--- Supplied material ---
'''
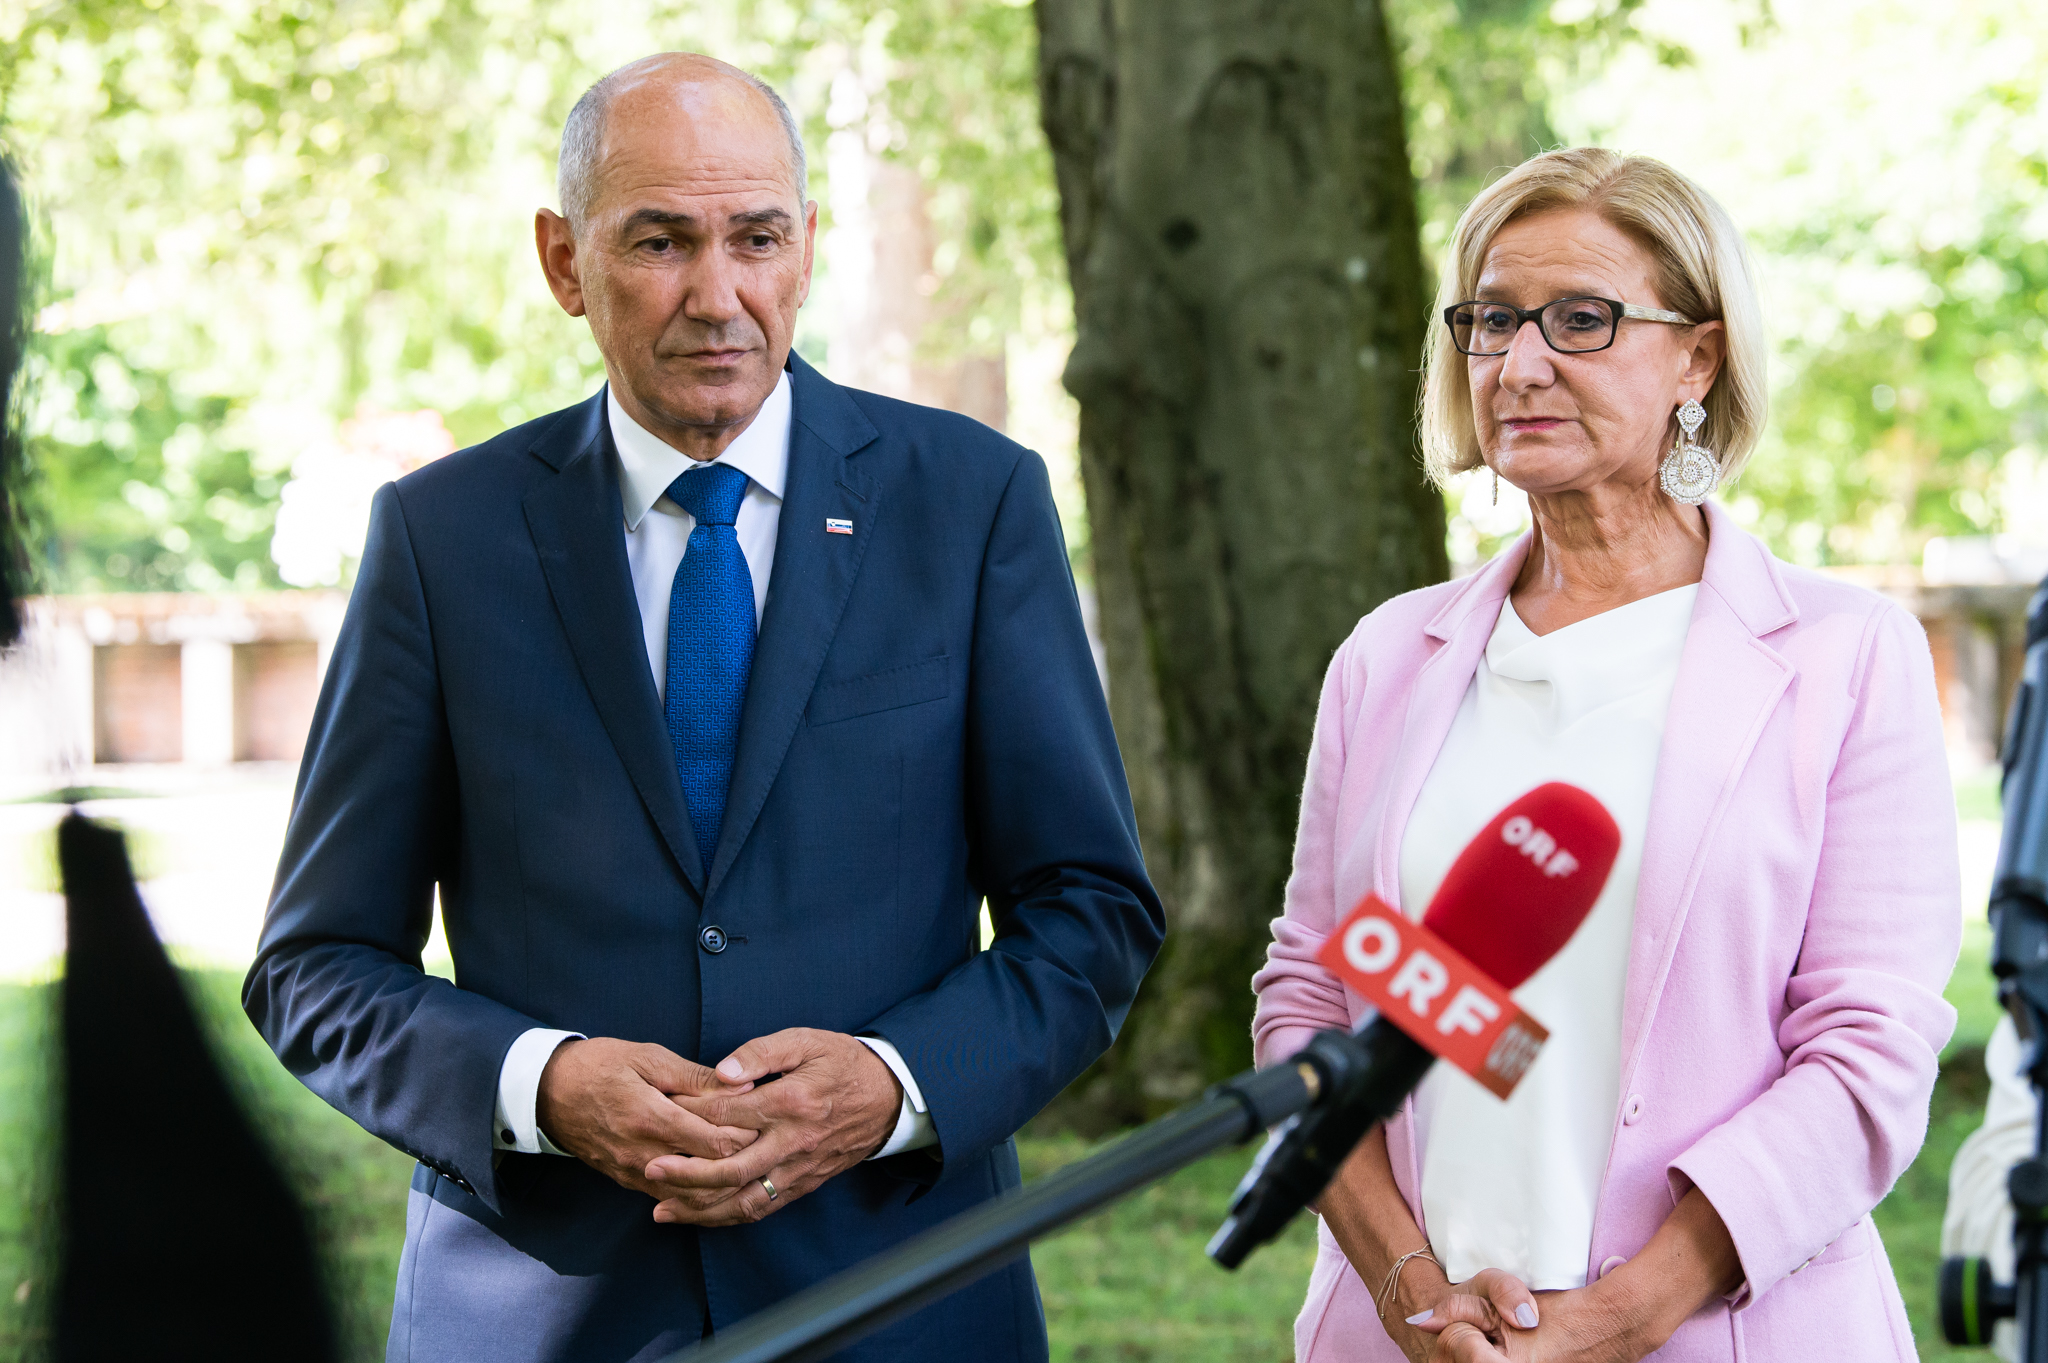 Predsednik vlade Janez Janša na delovnem kosilu z deželno glavarko Spodnje Avstrije mag. Johanno Mikl-Leitner
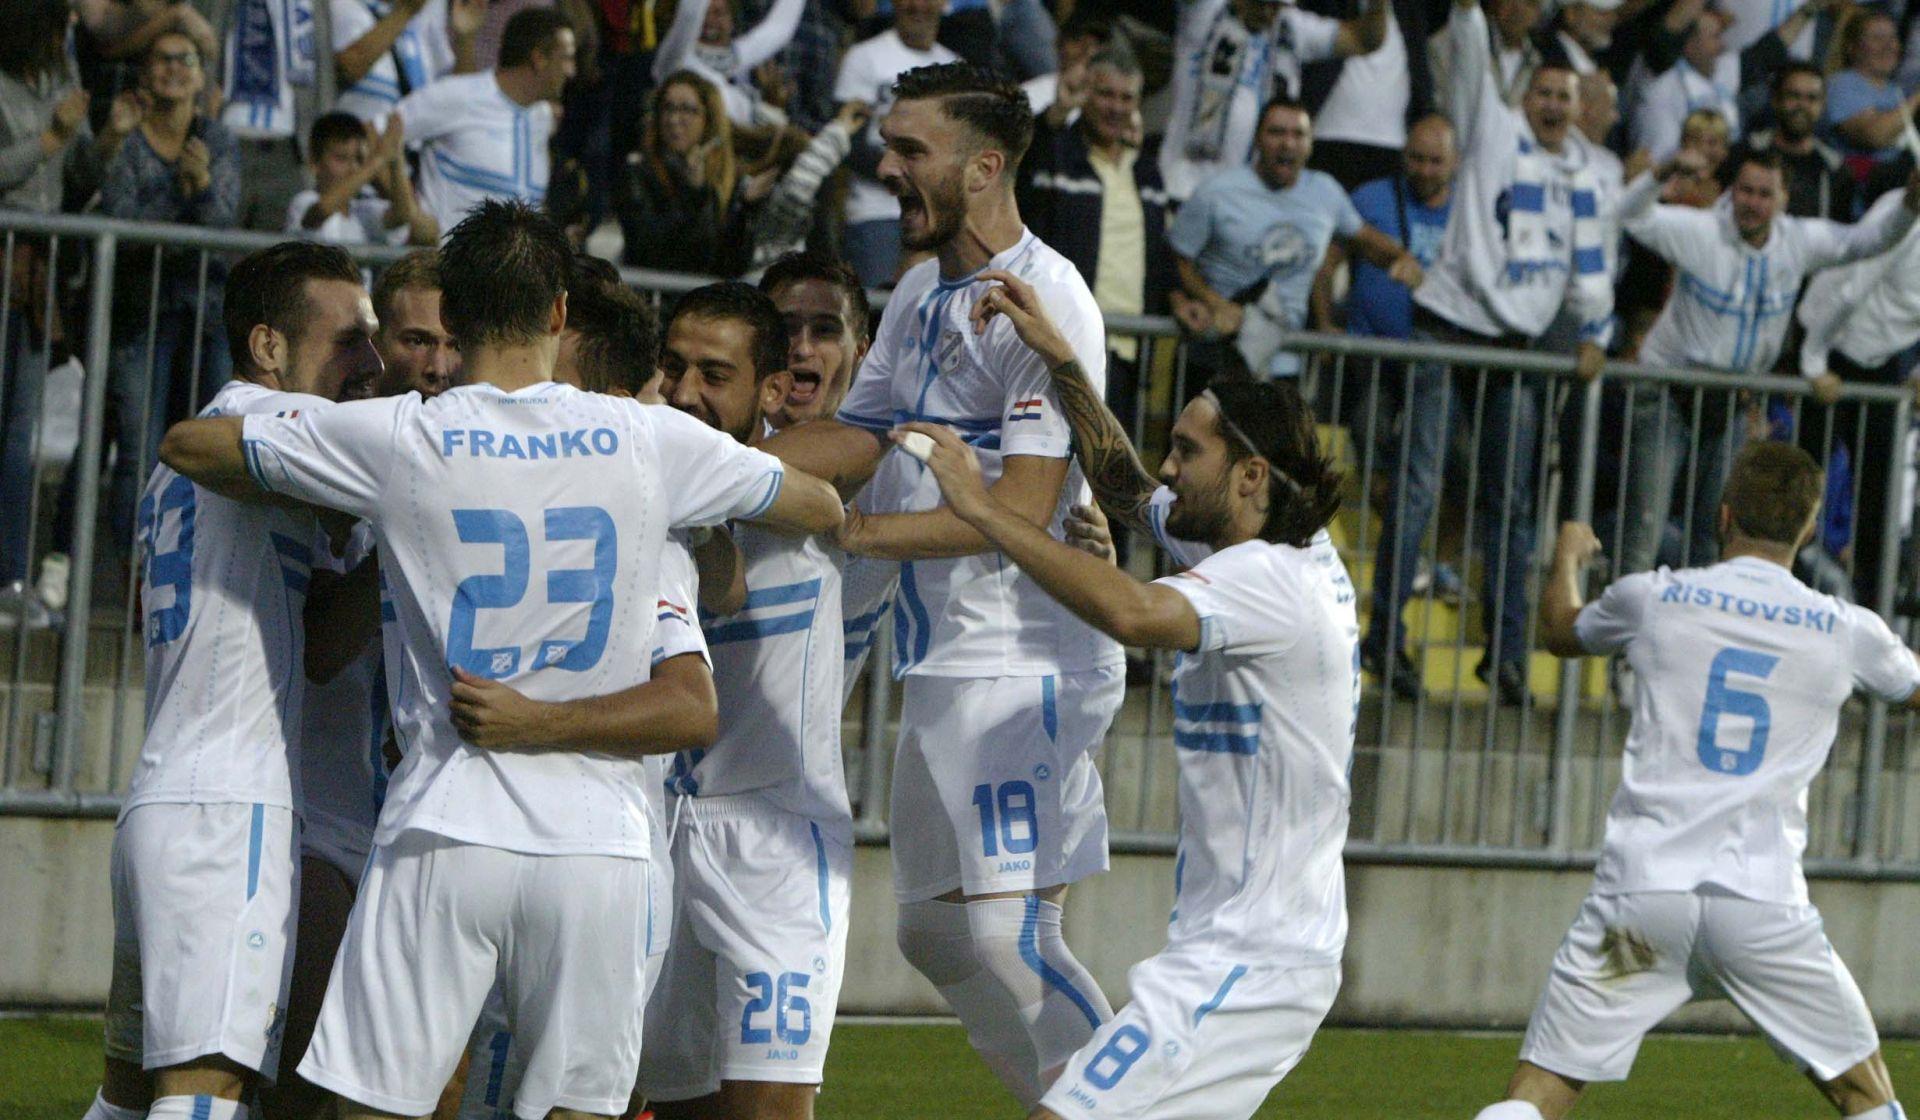 HNL: Uvjerljiva Rijeka, Hajduk preokretom do bodova
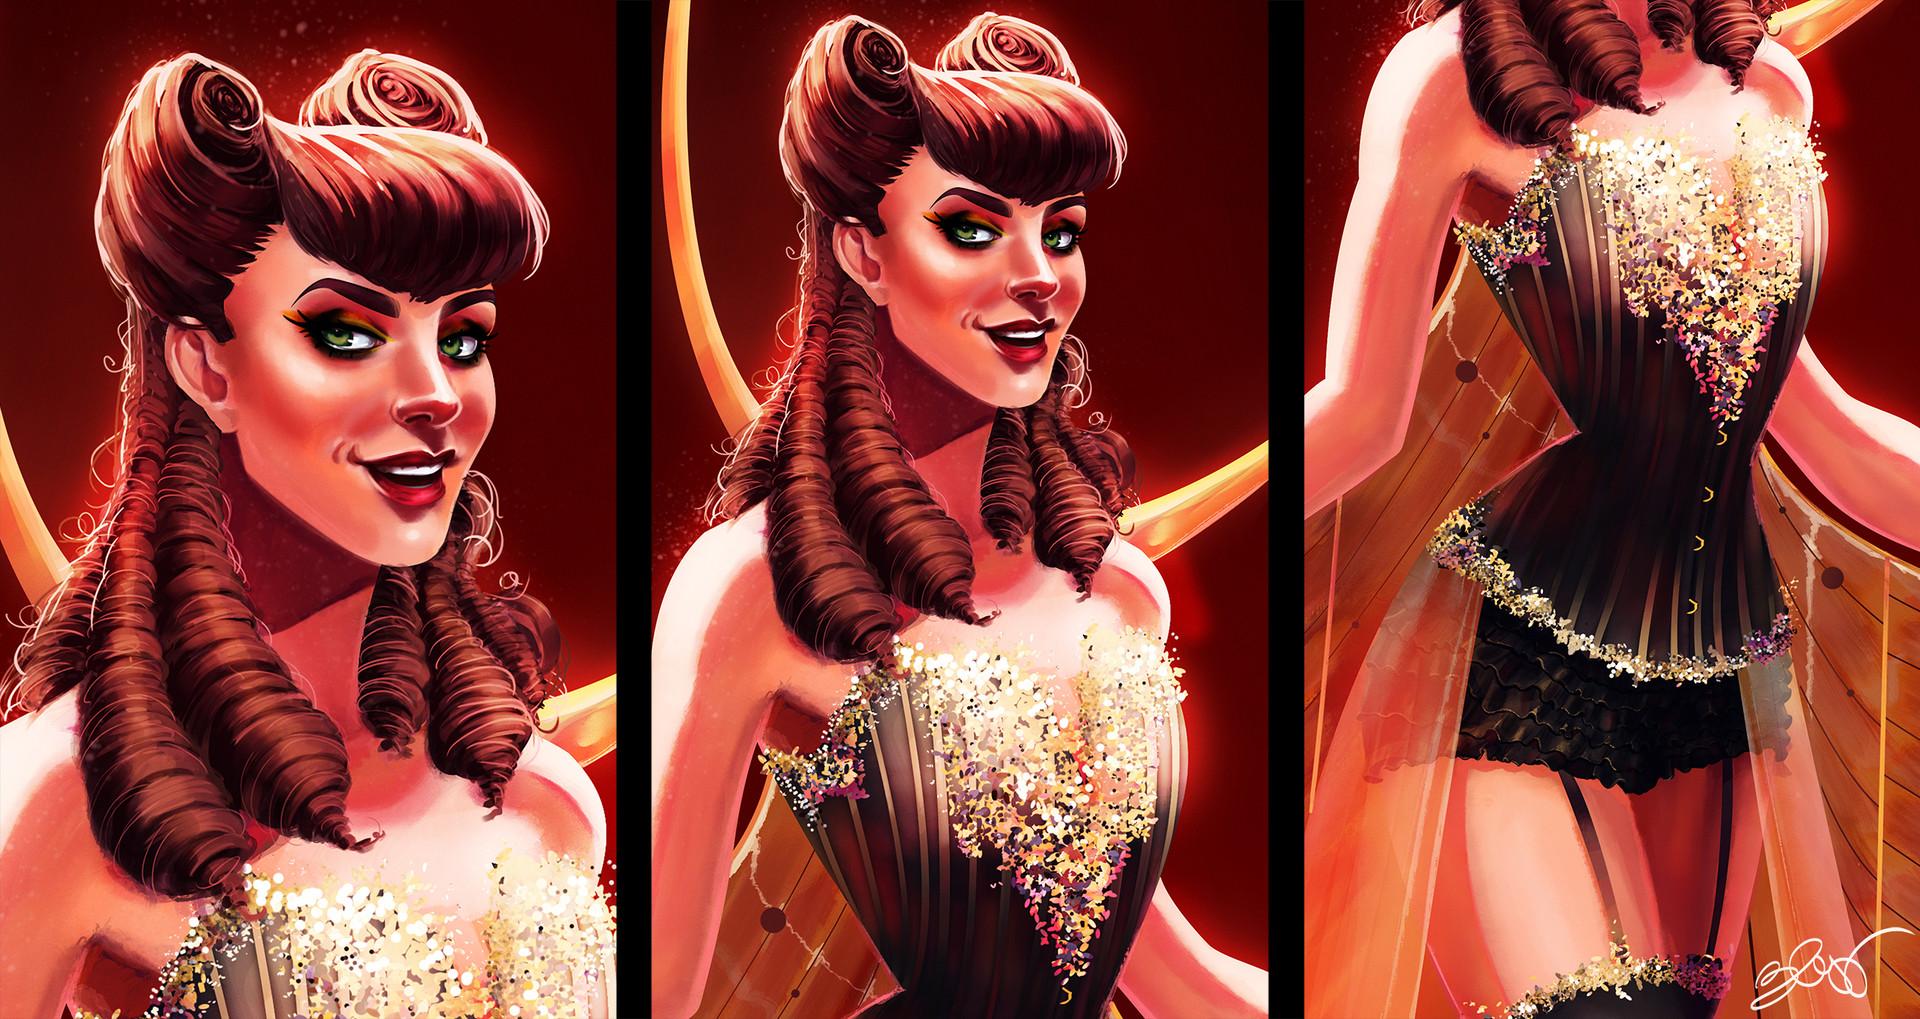 Elisa cella burlesque elisa cella close up
'''
--- What you will do ---
The listing above must be restated word for word. Its pictures are to be left out.

--- Exercise answer ---
 Predsednik vlade Janez Janša na delovnem kosilu z deželno glavarko Spodnje Avstrije mag. Johanno Mikl-Leitner
 HNL: Uvjerljiva Rijeka, Hajduk preokretom do bodova
 Elisa cella burlesque elisa cella close up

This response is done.